DIRECTIONS FOR THIS TASK:
Omit the pictures and return exactly the stretch of the material below from the line with "Russian athletes were" through the line with "Henry A. Kissinger: The".

RECORD EXCERPTS:
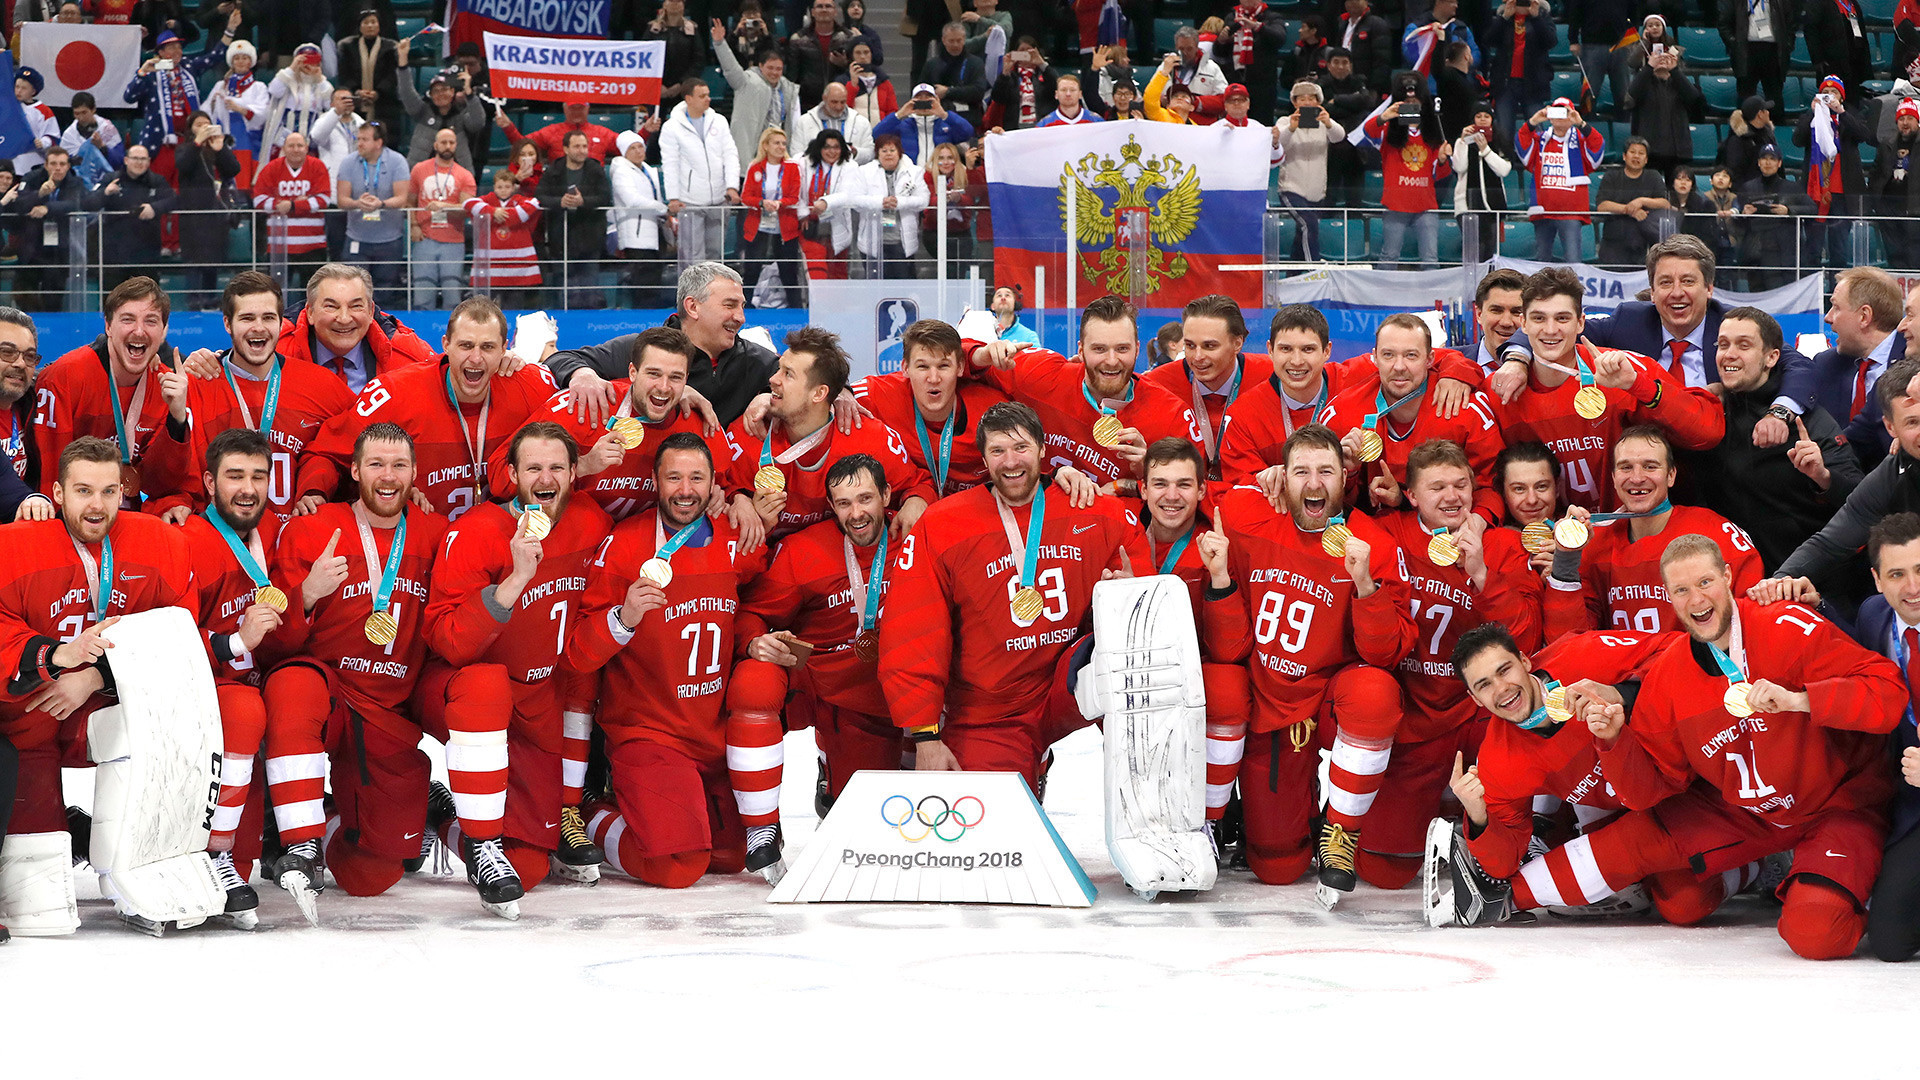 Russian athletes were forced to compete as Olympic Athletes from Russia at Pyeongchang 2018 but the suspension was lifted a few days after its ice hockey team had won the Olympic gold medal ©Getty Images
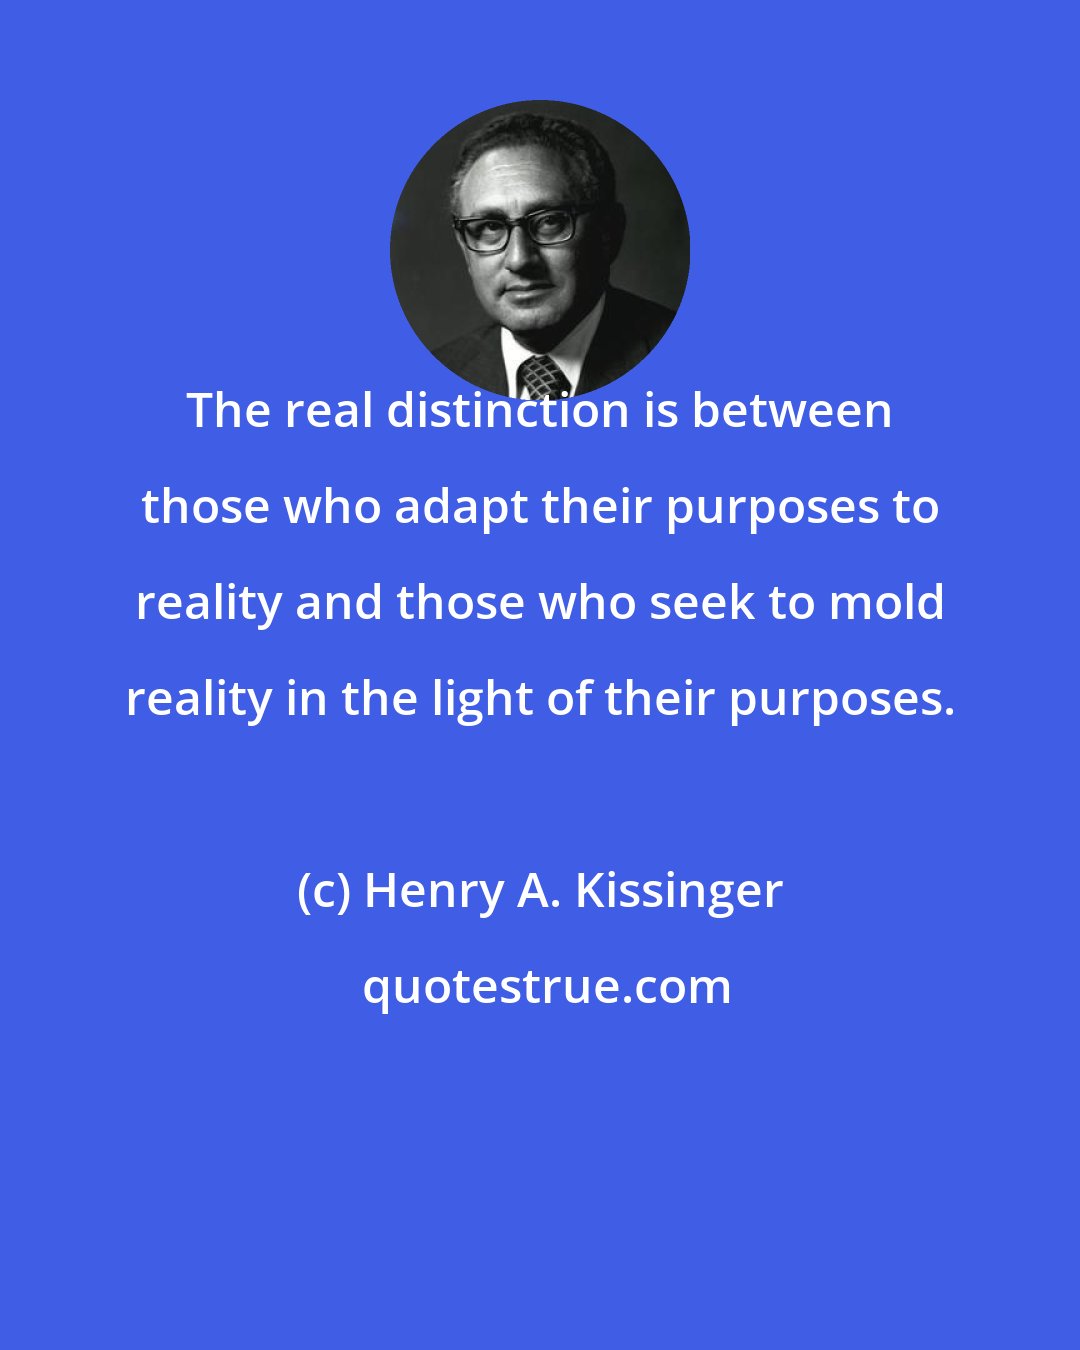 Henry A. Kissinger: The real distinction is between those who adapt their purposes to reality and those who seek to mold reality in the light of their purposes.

---

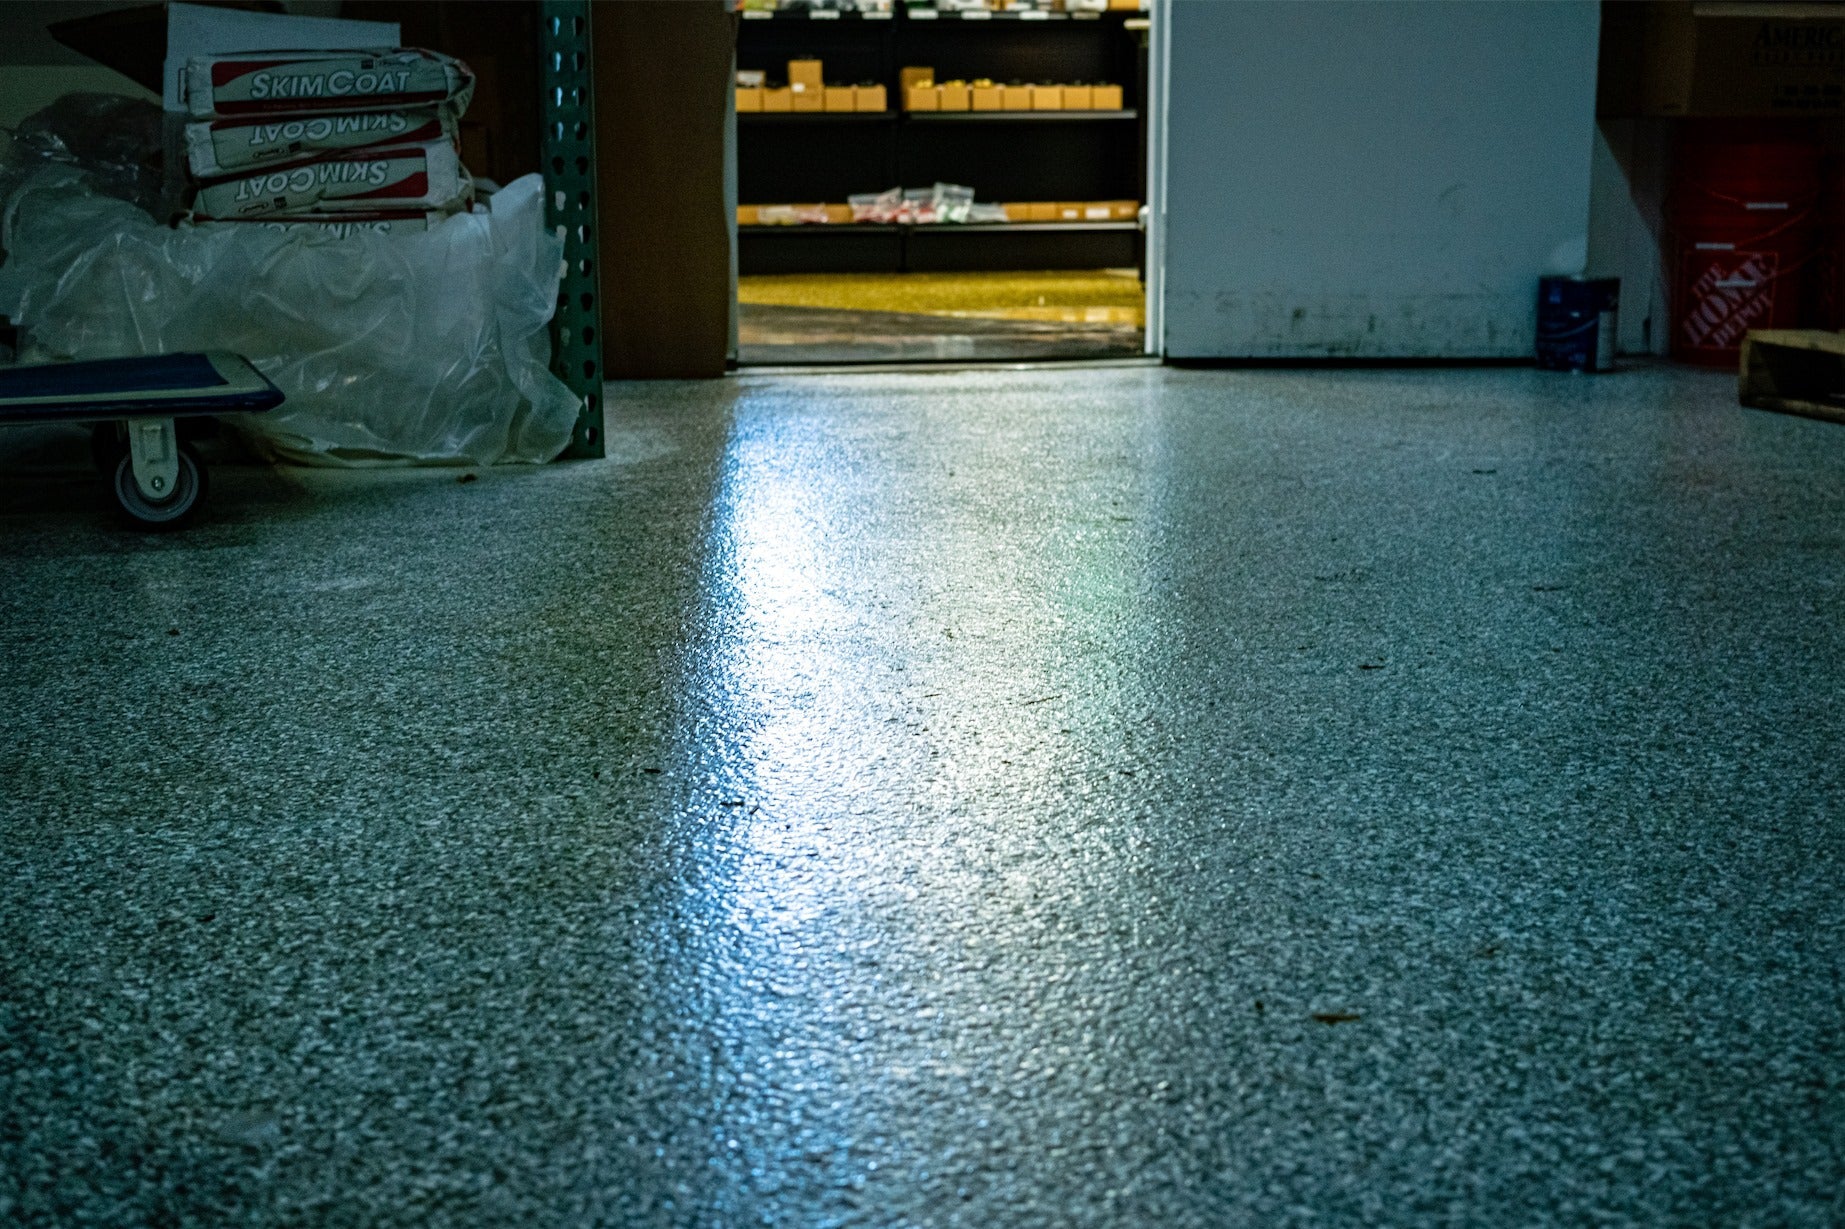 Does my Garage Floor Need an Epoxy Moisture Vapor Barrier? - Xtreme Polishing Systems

--

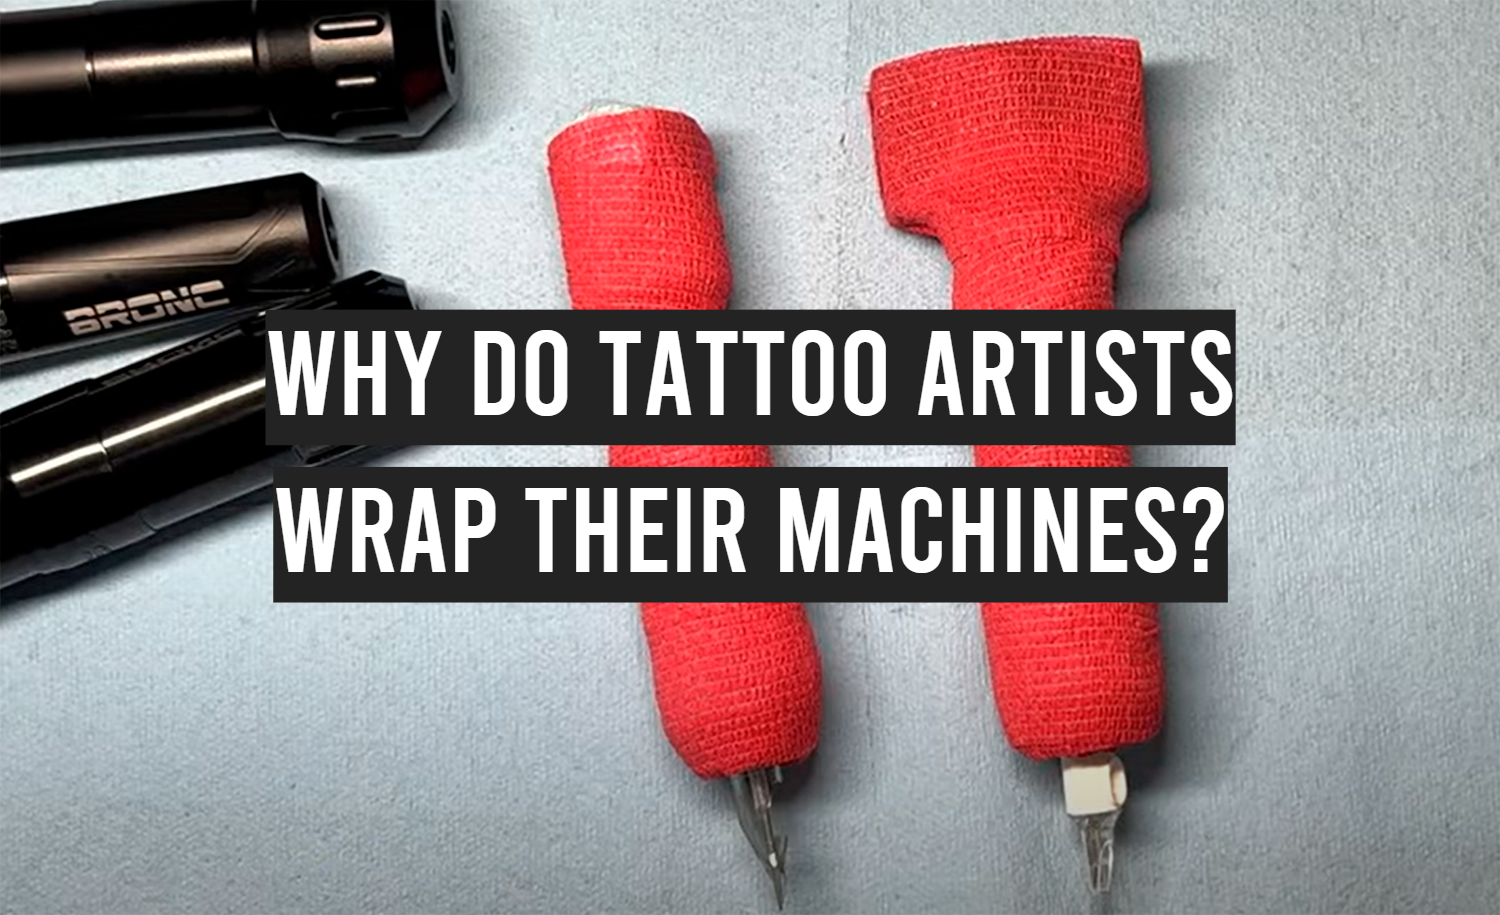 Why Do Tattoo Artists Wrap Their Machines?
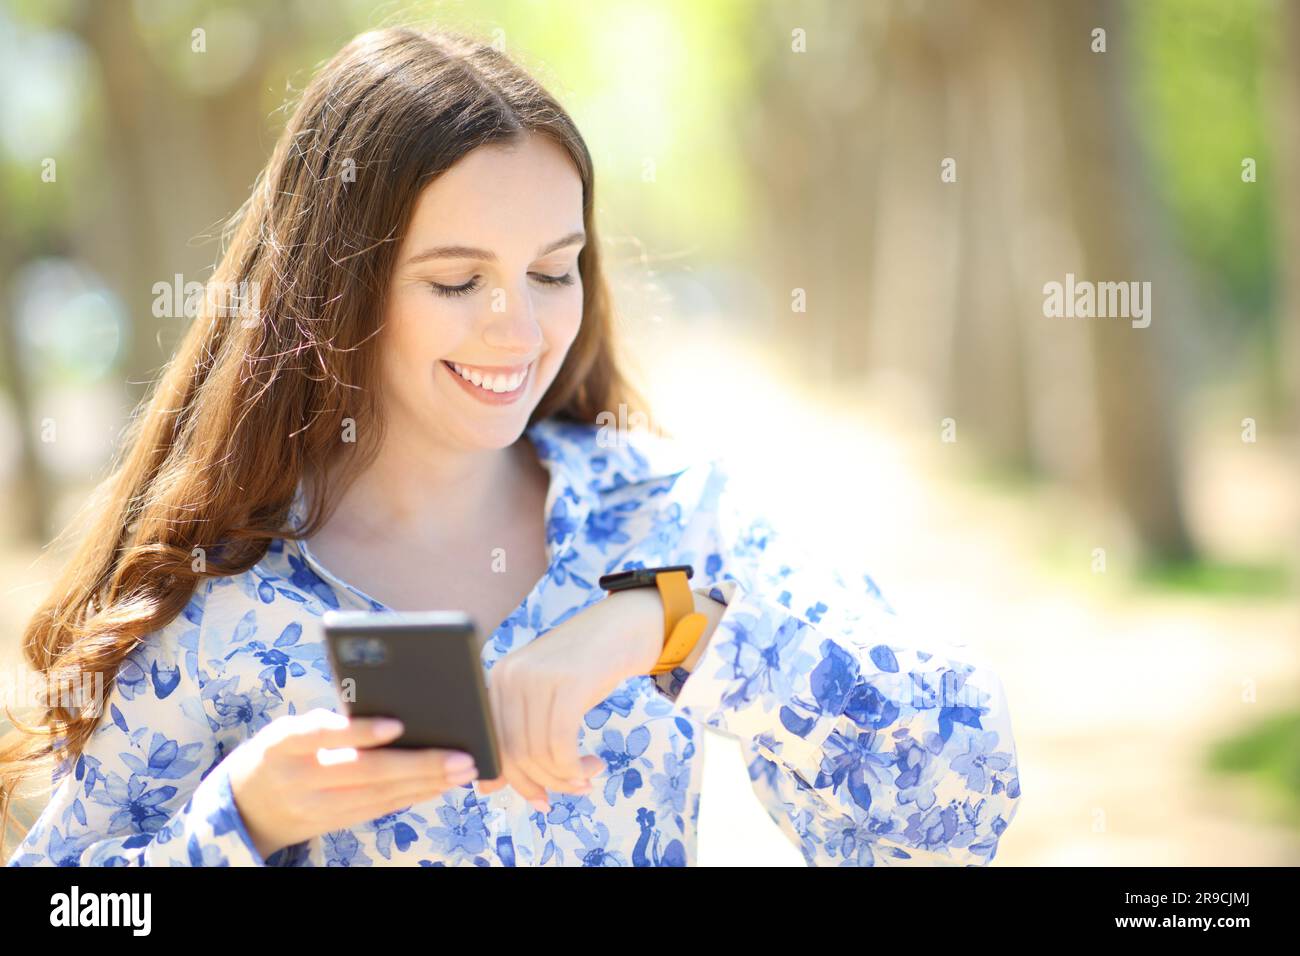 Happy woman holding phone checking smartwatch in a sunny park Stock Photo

REPLY TO THE TASK:
 Russian athletes were forced to compete as Olympic Athletes from Russia at Pyeongchang 2018 but the suspension was lifted a few days after its ice hockey team had won the Olympic gold medal ©Getty Images
 Henry A. Kissinger: The real distinction is between those who adapt their purposes to reality and those who seek to mold reality in the light of their purposes.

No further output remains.